Both acquiring companies aim to capitalize on a recent burst of strength in Las Vegas gaming by increasing their presence on the Strip. A company “has to take into consideration the market environment,” says Harrah’s CFO Charles Atwood. But in any consolidating industry, it isn’t enough simply to keep up with a rival’s growth: deals must be tailored to the specific needs of the combining companies, drawing on their strengths, addressing their weaknesses, and designing the new entity’s place in the evolving industry. Viewed this way, the MGM and Harrah’s acquisitions are less alike than they might seem.
“Our deal is very different from MGM-Mandalay Bay,” says Atwood. “Their deal is more about a big presence in one market, while ours is more about exposure to many markets.” He notes that Harrah’s currently operates only two Las Vegas properties, with a total of 5,000 rooms: Harrah’s Las Vegas and the Rio.
Caesars has four casino-hotels in the city with twice that many rooms — Caesars Palace, Bally’s, Paris, and the Flamingo. But after Harrah’s and Caesars combine, “no more than 25 to 28 percent of our earnings will come from a single market,” thanks to the nationwide diversification of both businesses. Atwood calls the Harrah’s-Caesars deal “a continuation of our acquisition strategy,” including the recently closed $1.5 billion purchase of Horseshoe Gaming Holding Corp.
The plan is to give customers from Harrah’s 28 gambling venues — including Atlantic City and riverboat gaming sites — more Harrah’s-owned casinos to play when they hit Vegas. “Customers like to play in more than one place,” says Atwood.

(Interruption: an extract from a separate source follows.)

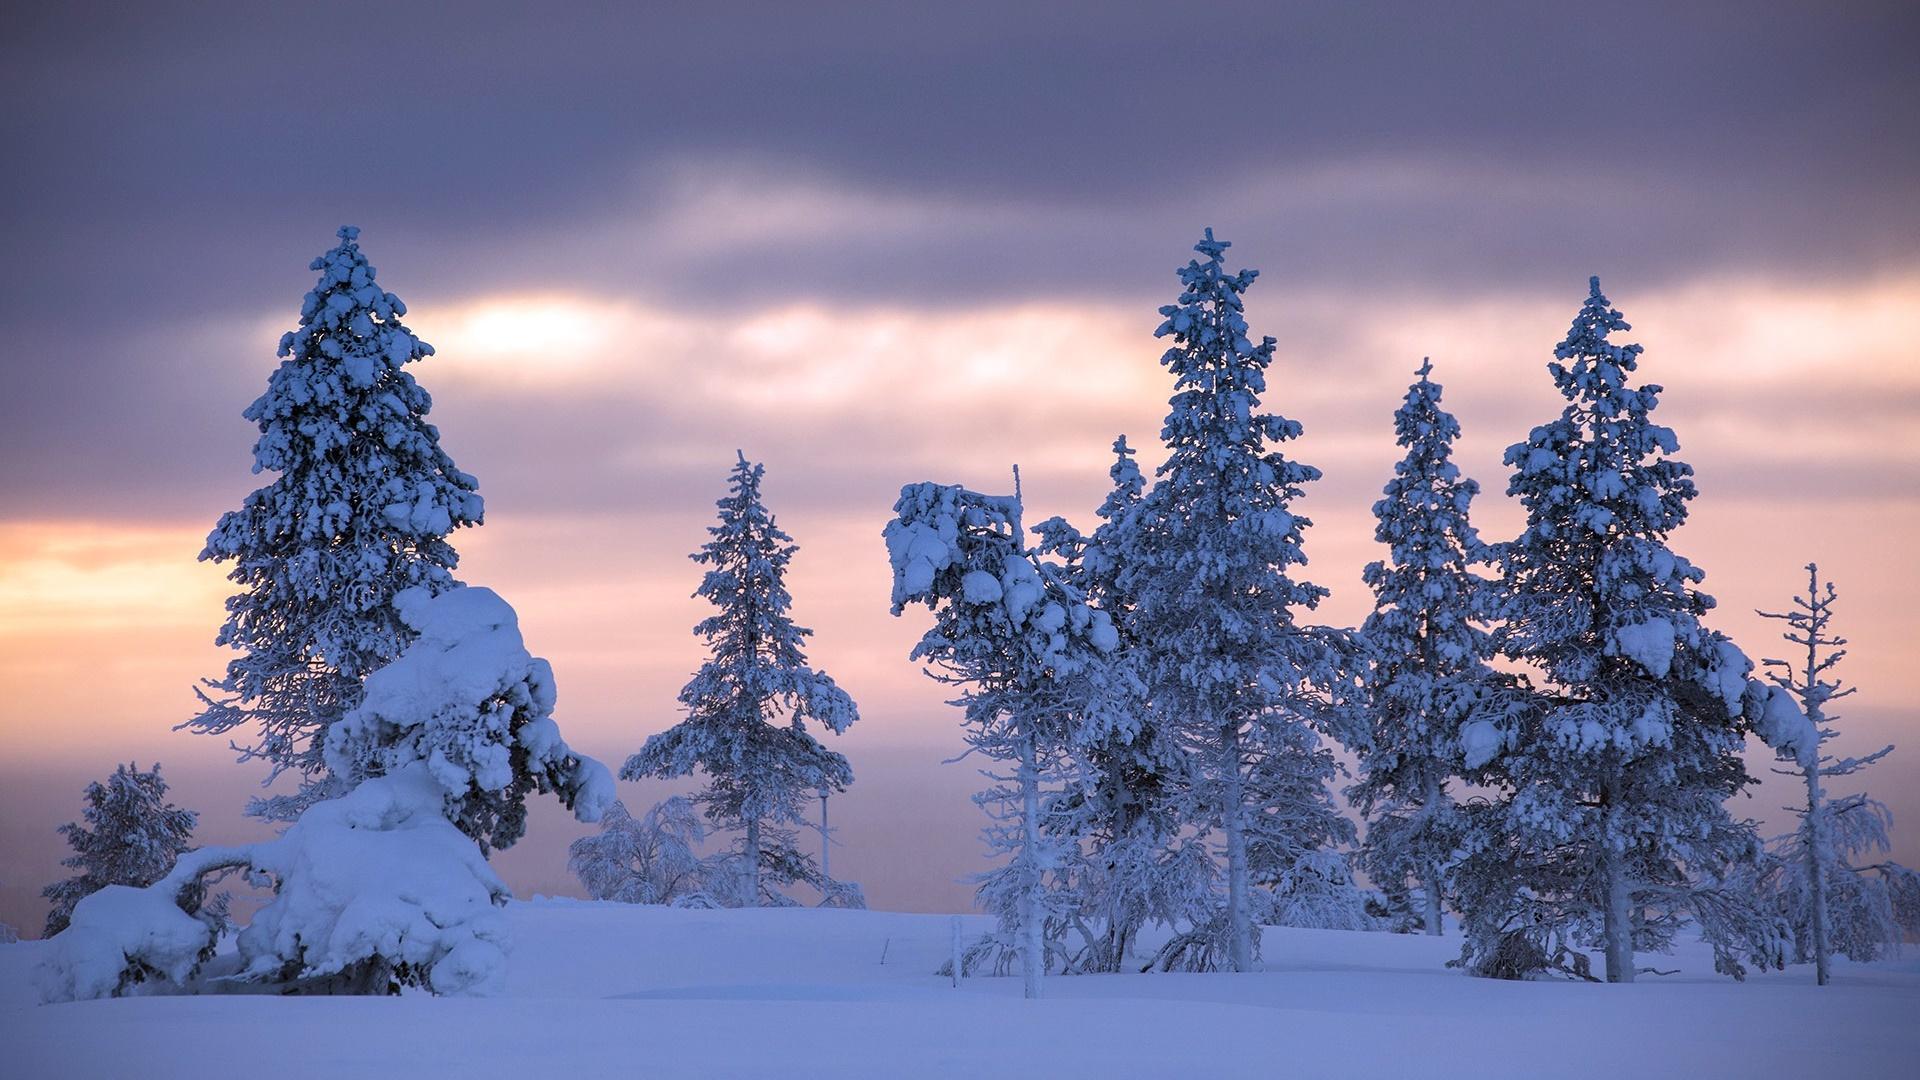 Wallpaper Trees Nature Landscape Snow Winter 1920x1080

And right now, “we have customers we turn away in Las Vegas because we don’t have enough rooms.”
The market has reacted rather skeptically to the Harrah’s-Caesars combination, but some see the two companies as compatible. “Bally’s and the Flamingo are very much Harrah’s type of properties,” comments Los Angeles-based Dennis Forst, a gaming analyst at KeyBanc Capital Markets. “And Caesars has a couple of Indian gaming projects, which is the kind of thing that Harrah’s is very good at.”
If the combined company can succeed in transferring Harrah’s technical and operational expertise to Caesars’s underperforming properties, “improvement at Caesars would more than cover what they paid,” says Carl Noble, a valuation expert. The goal, he says, will be for Caesars to boost its operating margins from 2003′s 10 percent to the 16 or 17 percent typical of Harrah’s.